> _Exercise description_
Quote the lines of the data below verbatim, beginning at the line that contains "Drap housse en" and ending at the last line, both included, and excluding pictures.

> _Given material_
————————
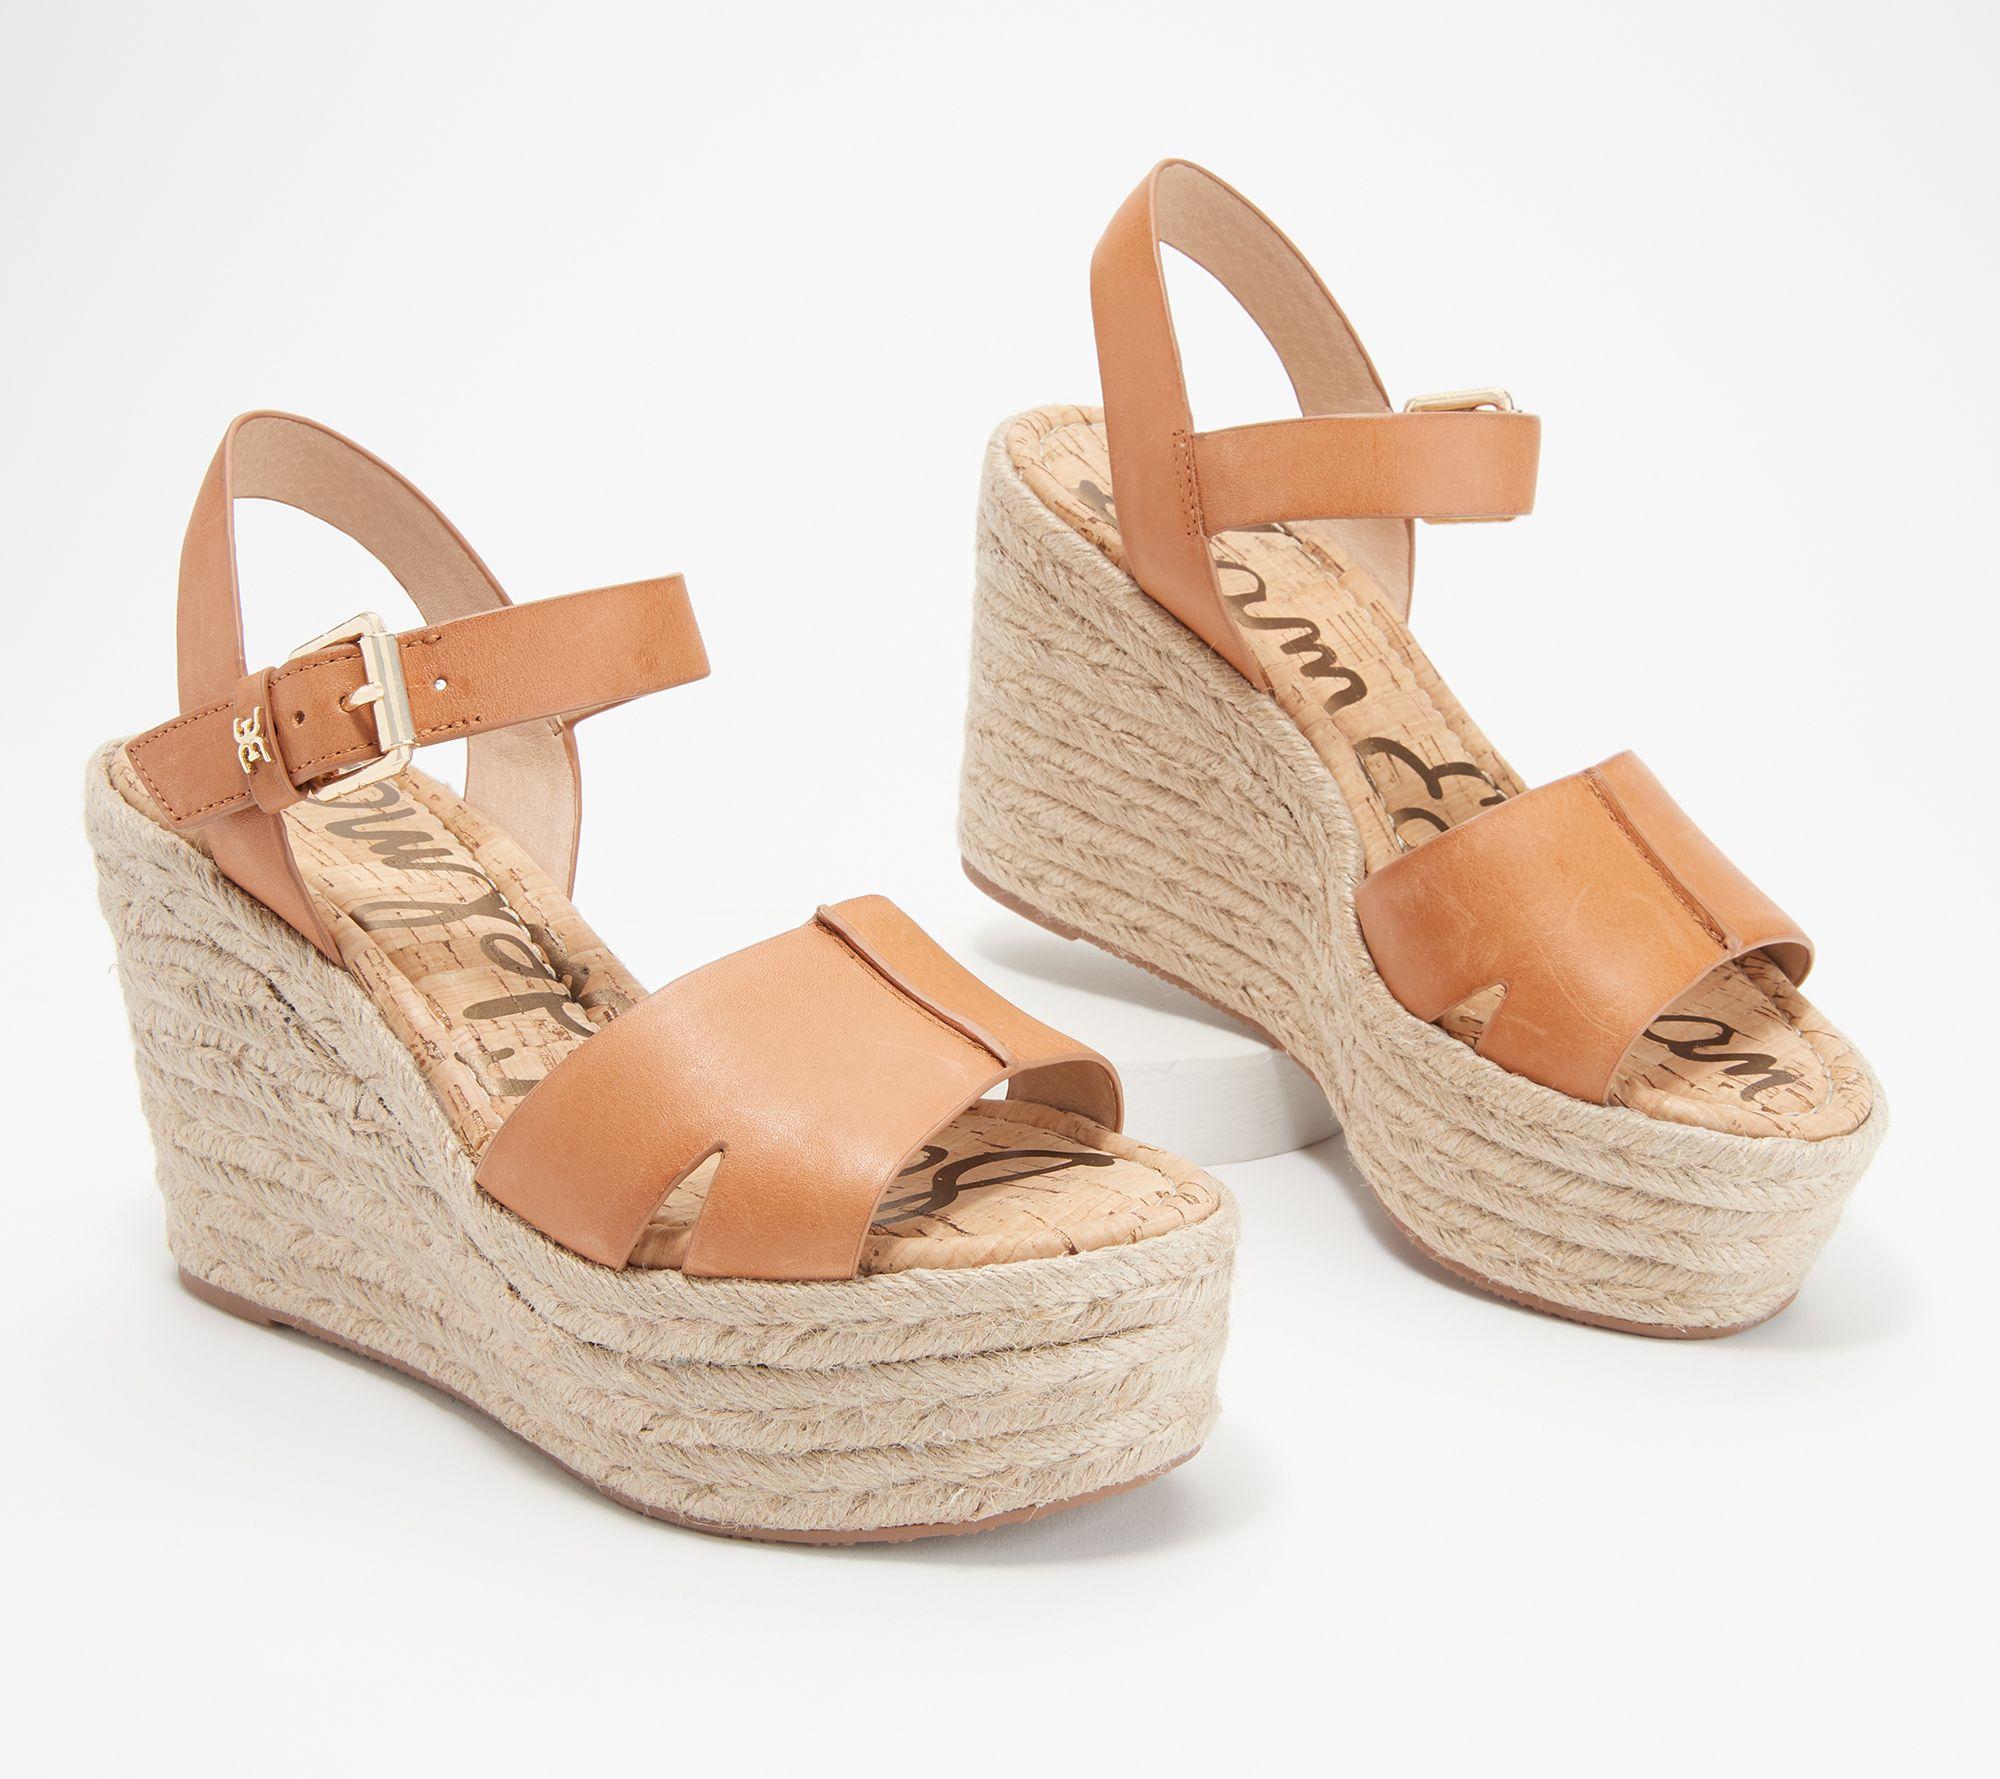 54ce5e6ca8c Sam Edelman Leather Wedge Sandals - Maura — QVC.com
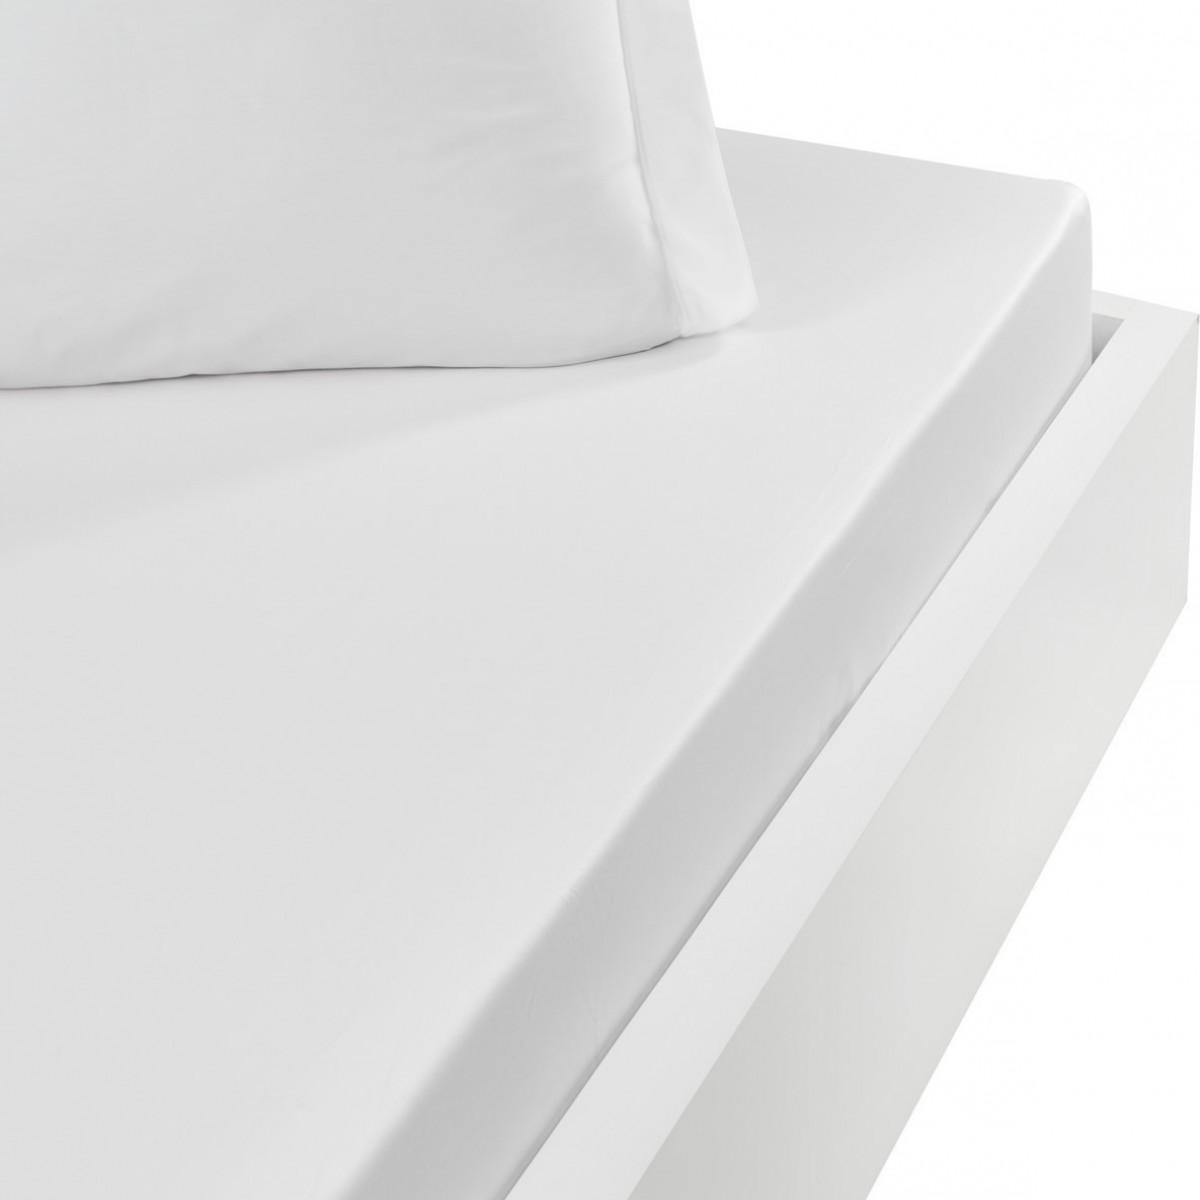 Drap housse en percale de coton bon Blanc 180x200 cm
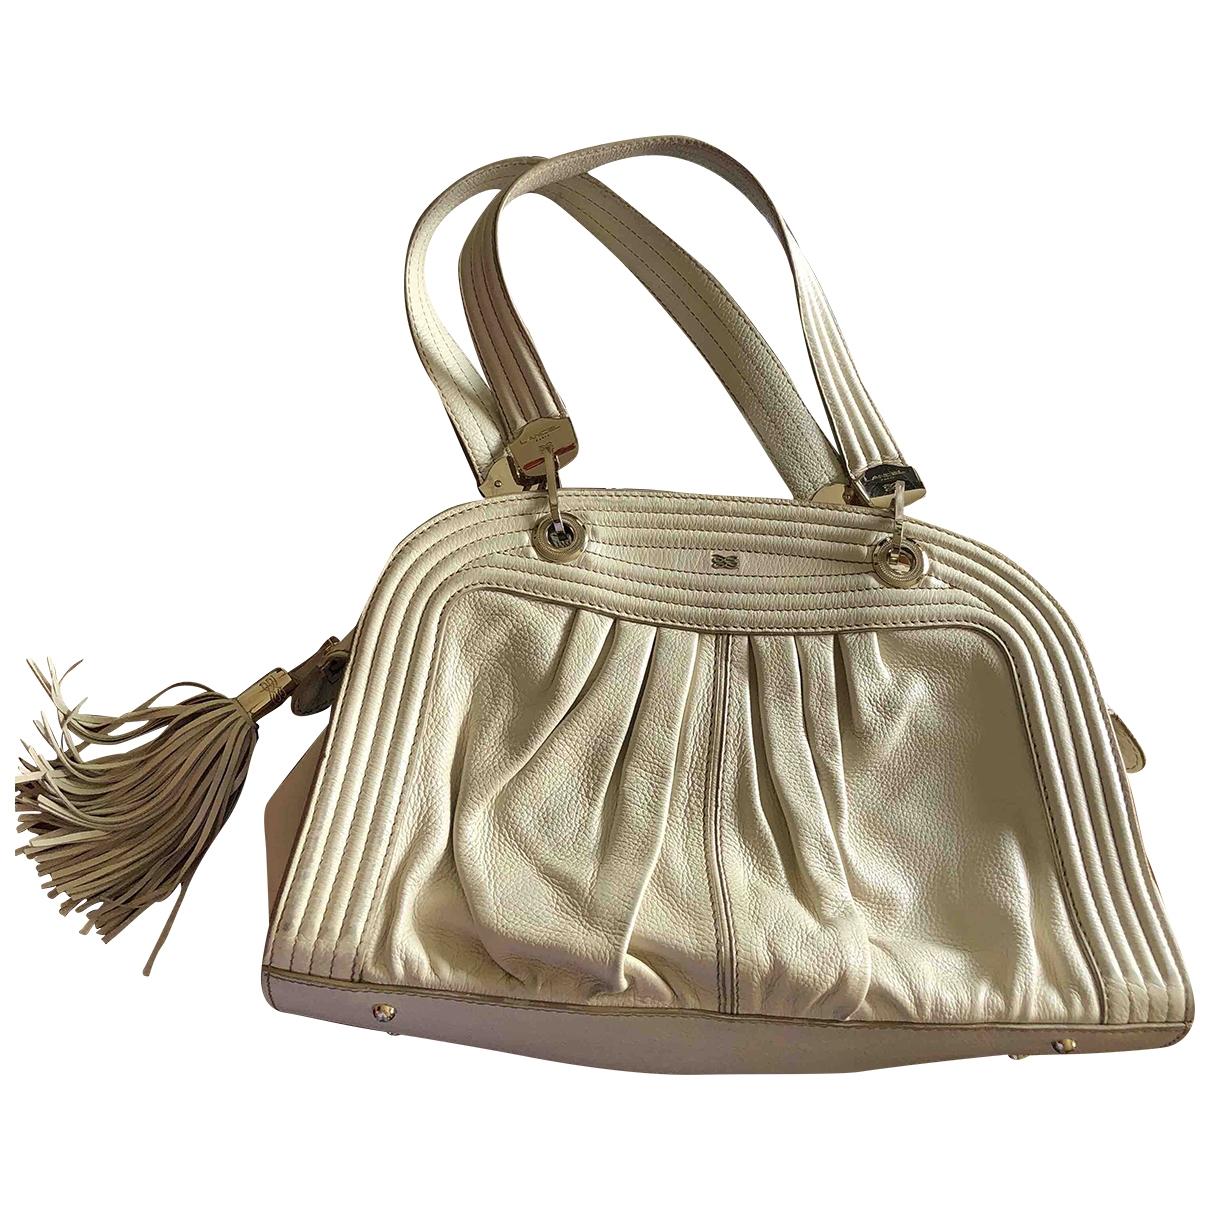 Lancel \N Handtasche in  Beige Leder
————————
> _The answer_
 Drap housse en percale de coton bon Blanc 180x200 cm
 Lancel \N Handtasche in  Beige Leder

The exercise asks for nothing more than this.